Within a given task, one may expect that allocating more ST to an item would result in higher JOLs. Consistent with this idea, items that are awarded high incentives for recall are studied longer and receive higher JOLs than items awarded low incentives (e.g., Koriat, Ma’ayan, & Nussinson, 2006). Within incentive levels, however, items that are studied longer receive lower JOLs, resulting in inverse JOL-ST relations. Koriat et al. (2006) argued that these inverse relations are data-driven and stem from variability in item difficulty: For each item, ST is determined in a bottom-up manner by the individual learner’s memorizing effort or processing fluency, which people use as a basis for JOLs (see also Undorf & Erdfelder, 2011).

Some findings suggest that data-driven ST allocation alone cannot explain JOL-ST relations. First, while data-driven ST allocation predicts strong inverse JOL-ST relations, correlations are often moderate (e.g., −.42, Koriat et al., 2006, Exp. 1; −.30 or less, Undorf & Erdfelder, 2013). Second, while data-driven ST allocation predicts linear decreases in ST with increasing JOLs, a few studies reported inverted U-shaped curvilinear JOL-ST relations (Little & McDaniel, 2015; Mazzoni & Cornoldi, 1993; Metcalfe & Kornell, 2005; Pelegrina, Bajo, & Justicia, 2000). For instance, Undorf and Erdfelder (2013), Experiment 1 asked undergraduates to self-pace their study of related and unrelated word pairs for a cued recall test and provide a JOL for each item. When we reanalyzed the data, ST was similar across the lowest JOL levels and decreased with increasing JOLs thereafter (Fig. 1).

Fig. 1
figure 1

The graph shows means of median study time (in seconds) for ten judgment of learning (JOL) levels (0–10, 11–20, …, 91–100) found by Undorf and Erdfelder (2013), Exp. 1. Numbers near the graph represent mean percentages of items per JOL level. Error bars represent one standard error of the mean. The table below the graph presents means (and standard deviations) of recall performance (% correct)

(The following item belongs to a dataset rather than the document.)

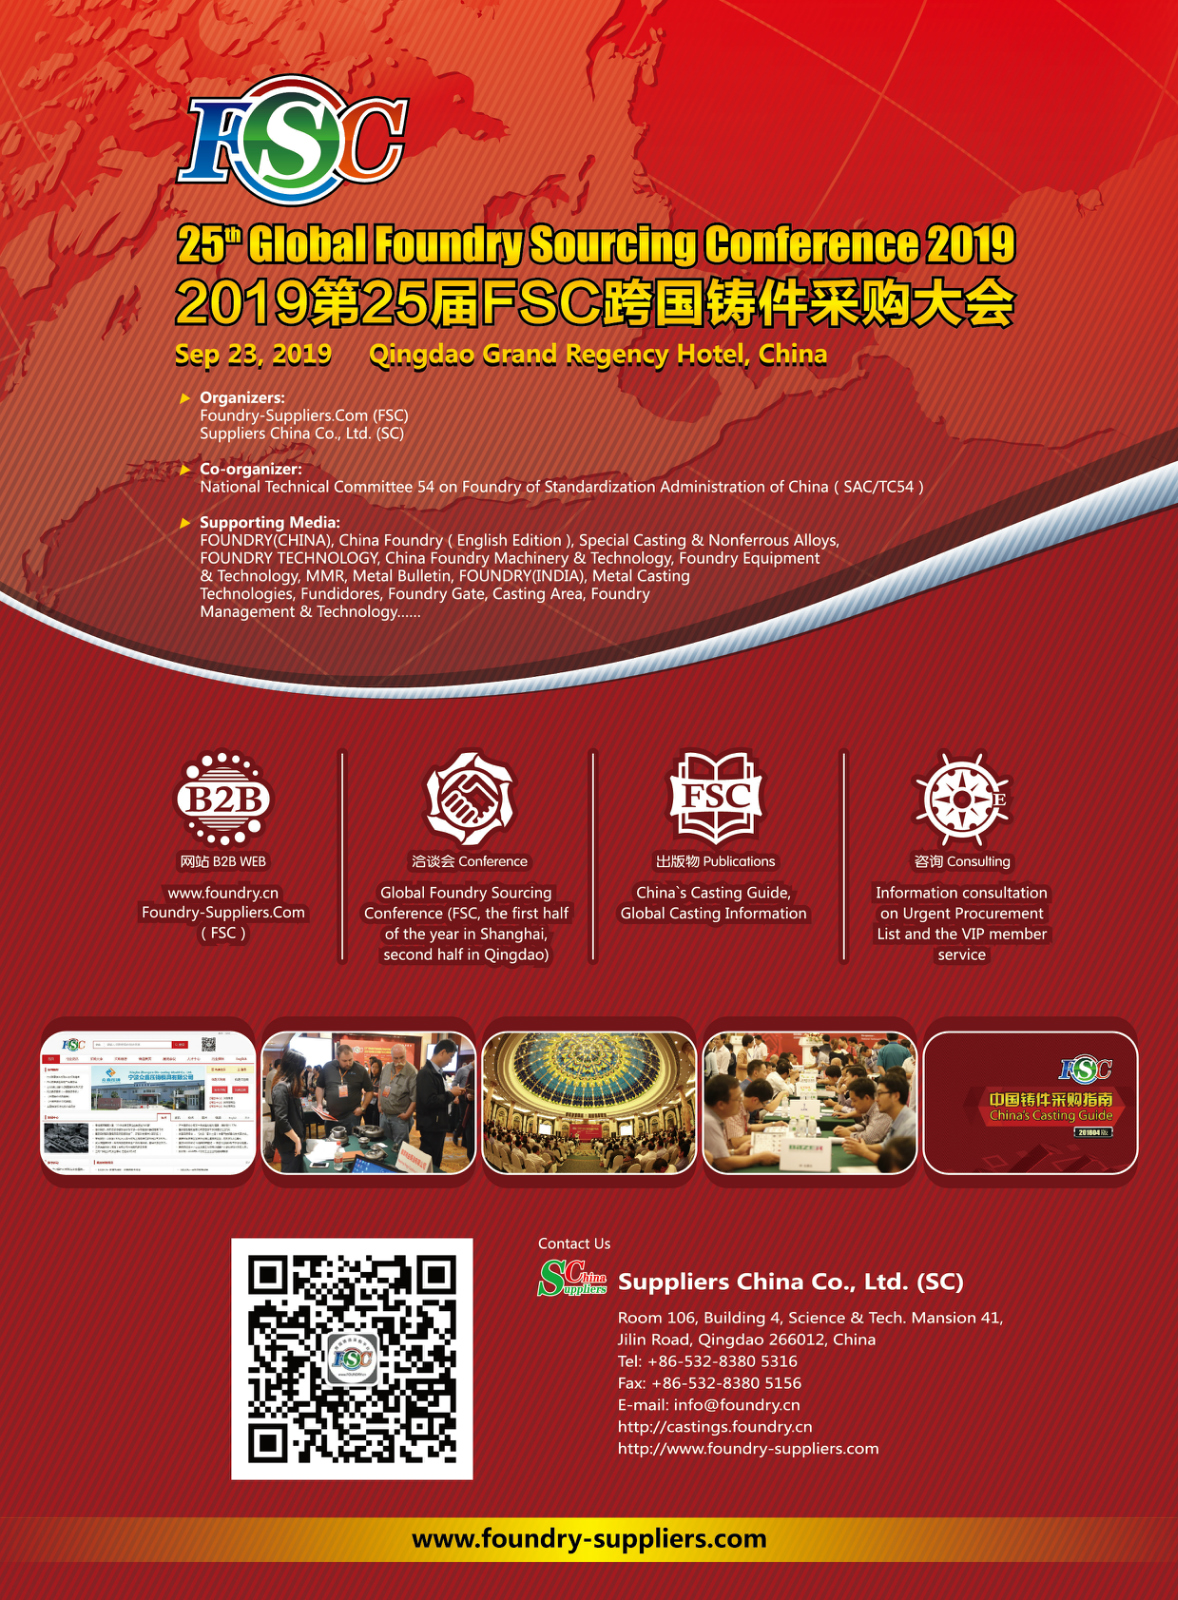 25th Global Foundry Sourcing Conference 2019, Qingdao Grand Regency Hotel, Shandong, China
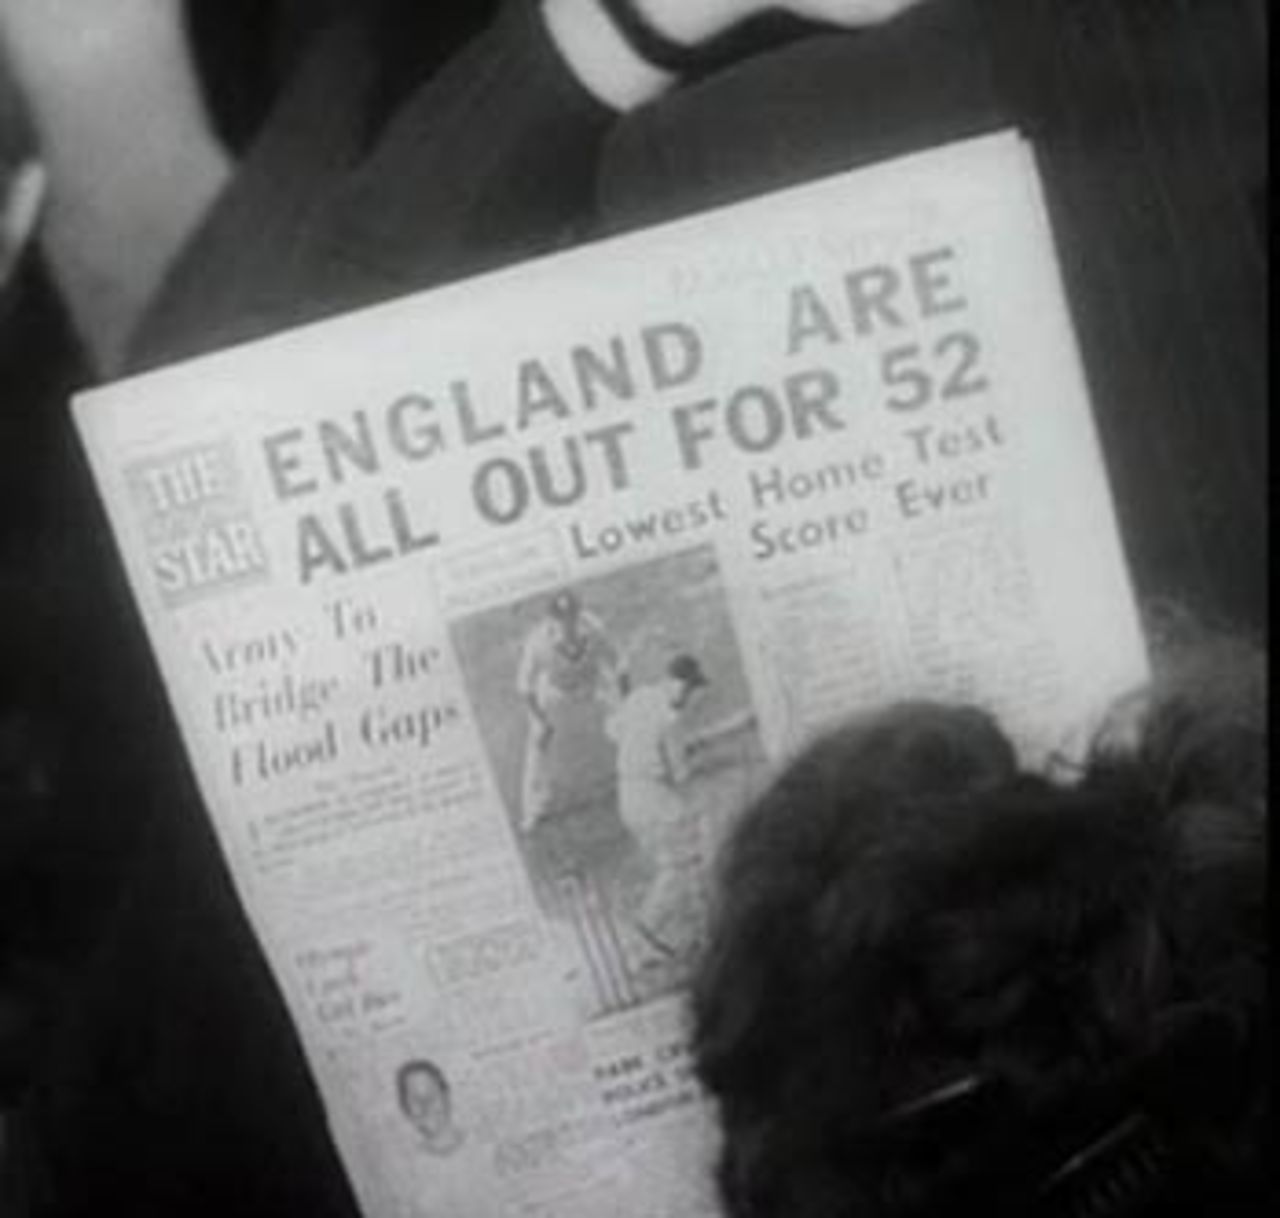 The newspaper tells the story after England were bowled out for 52, England v Australia, 5th Test, The Oval, August 1948

Curvilinear patterns may be artifacts of aggregation that occur when each individual’s JOL-ST relation is linear negative, but some individuals spend little ST and make low JOLs. To test this possibility, we fitted a multilevel regression model to Undorf and Erdfelder’s (2013) data (see ‘Procedure’ section of Experiment 1 for details). Results revealed that JOL-ST relations were curvilinear at the individual level.

As explained above, data-driven ST allocation predicts inverse linear JOL-ST relations and cannot account for curvilinearity as depicted in Fig. 1. Consequently, curvilinear JOL-ST relations may inform theories of top-down strategic ST allocation. According to the influential Discrepancy Reduction Model (Nelson & Narens, 1990), people study each item until its JOL meets a preset target level. Because people stop studying irrespective of invested ST, this model predicts that JOLs and ST are unrelated. Hence, the discrepancy reduction model cannot account for curvilinear JOL-ST relations.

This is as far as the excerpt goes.